Сделав отчаянное усилие, Адриан овладел собой и начал с одной из своих фраз, не самой удачной, но первой, пришедшей ему на память.
— Мои опустившиеся крылья готовы подняться на просторе, — начал он, — но хотя мое сердце рвется, как сердце дикого сокола, я должен сказать вам, прелестная Эльза, что в той золоченой клетке, — он указал на постель, — я…
— Боже мой! Хеер Адриан, — прервала его встревоженная Эльза, — что с вами? У вас голова закружилась?
— Она не понимает.

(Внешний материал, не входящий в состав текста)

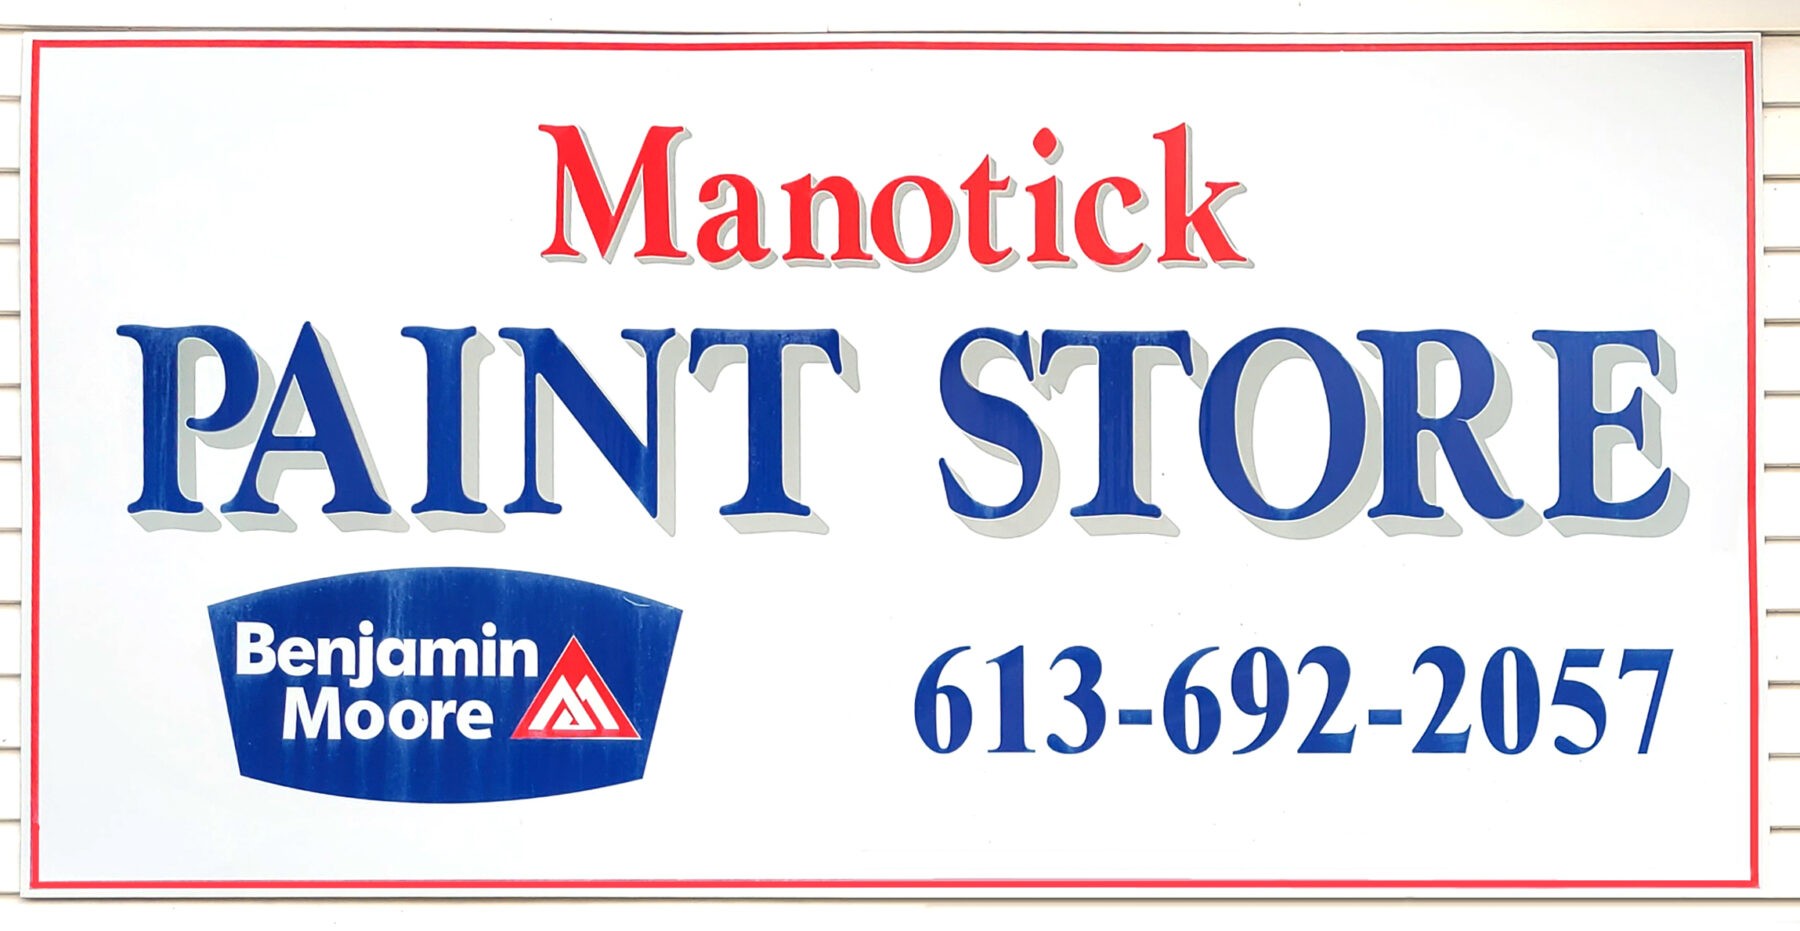 Manotick Paint Store logo - Business in Manotick

Бедная девочка, где ей понять? — проговорил он вполголоса, в сторону, как на сцене, а затем продолжал вслух: — Да, моя дорогая, обожаемая, у меня закружилась голова, закружилась голова от благодарности этим прелестным ручкам, от восхищения этими чудными глазами…
Тут Эльза, не в силах дольше сдерживаться, разразилась веселым смехом, но видя, что лицо ее поклонника становится снова таким, каким оно было в столовой, когда у него лопнул сосуд, пересилила себя и сказала:
— О, хеер Адриан, не тратьте всю эту поэзию на меня: я слишком глупа, чтобы оценить ее.
— Поэзию! — воскликнул он. — Я не стихи читаю вам.
— Что же это такое? — спросила она, но в следующую же минуту готова была откусить себе язык.